Octreotide is also not a growth hormone secretagogue (contrast with sermorelin, CJC-1295, or ipamorelin), and it does not increase GH levels. It suppresses GH, making it the pharmacological opposite of GH-releasing peptides in the research peptide space. Octreotide should not be confused with pasireotide (Signifor), a second-generation multi-receptor somatostatin analog with different receptor binding profile, used for Cushing's disease and acromegaly refractory to first-line SSAs.

References

1. Lamberts SW, et al. Long-term treatment of acromegaly with the somatostatin analogue SMS 201-995. N Engl J Med. 1985;313(25):1576–1580.

2. Rinke A, et al. Placebo-controlled, double-blind, prospective, randomized study on the effect of octreotide LAR in the control of tumor growth in patients with metastatic neuroendocrine midgut tumors: a report from the PROMID Study Group. J Clin Oncol. 2009;27(28):4656–4663.
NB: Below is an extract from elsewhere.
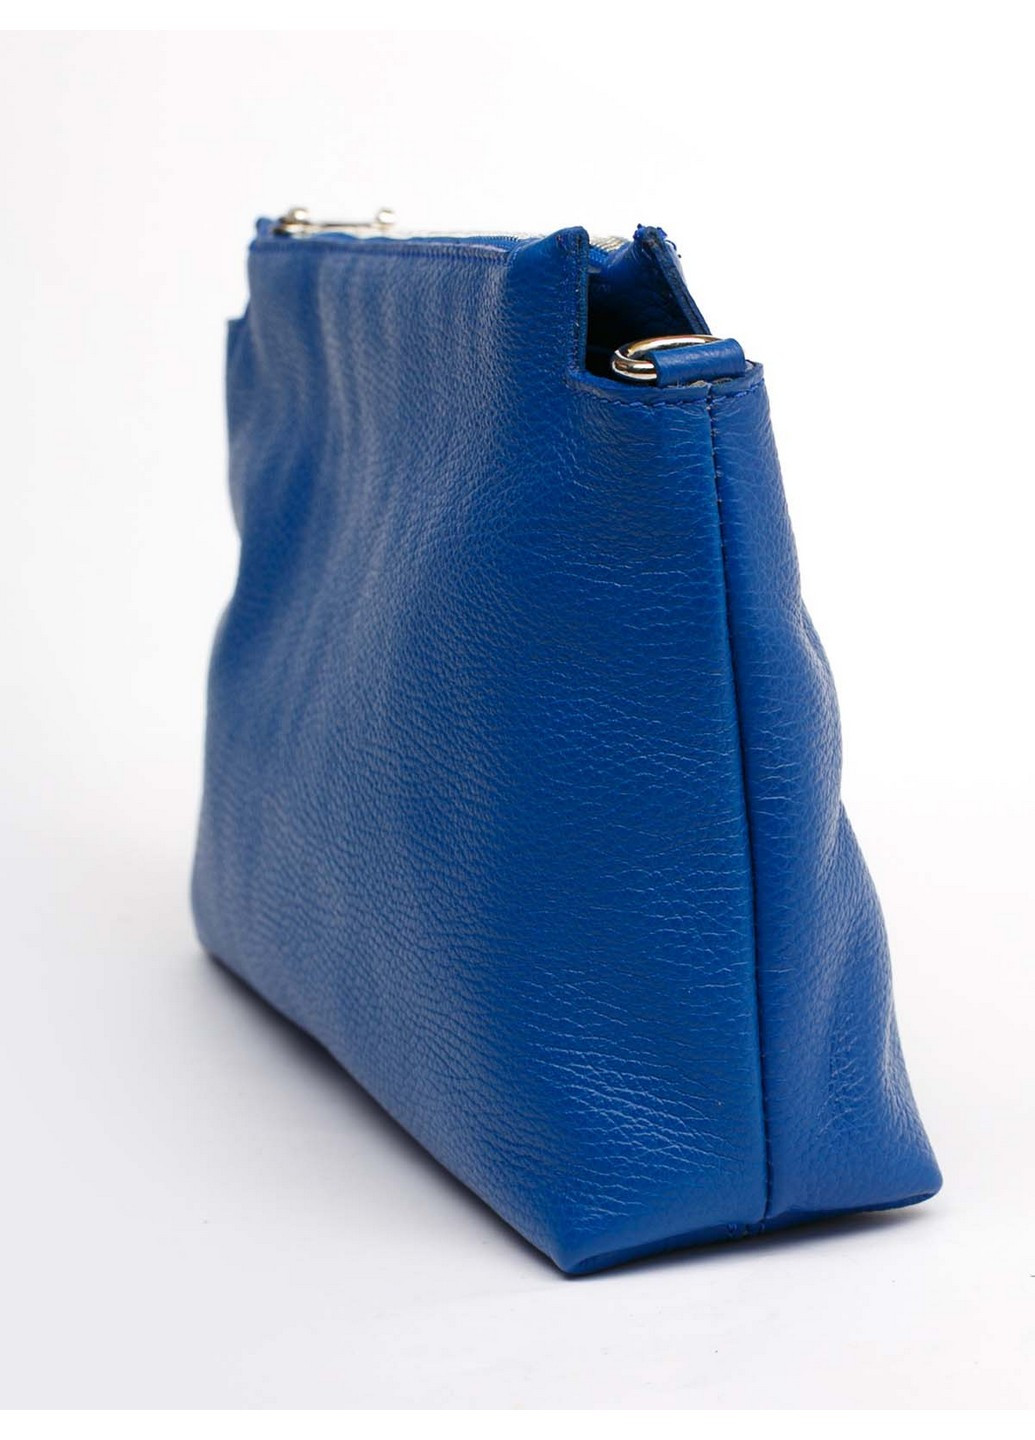 Сумка Italian Bags синя ділова

3. U.S. FDA. Sandostatin Injection (octreotide acetate) Prescribing Information. NDA 019667. Updated 2023.

4. U.S. FDA. Sandostatin LAR Depot (octreotide acetate for injectable suspension) Prescribing Information. NDA 021008. Updated 2024.

5. Gadelha MR, et al. Somatostatin analogues in acromegaly and gastroenteropancreatic neuroendocrine tumours: past, present and future. Endocr Relat Cancer. 2016;23(12):R551–R557. PMID 27697899.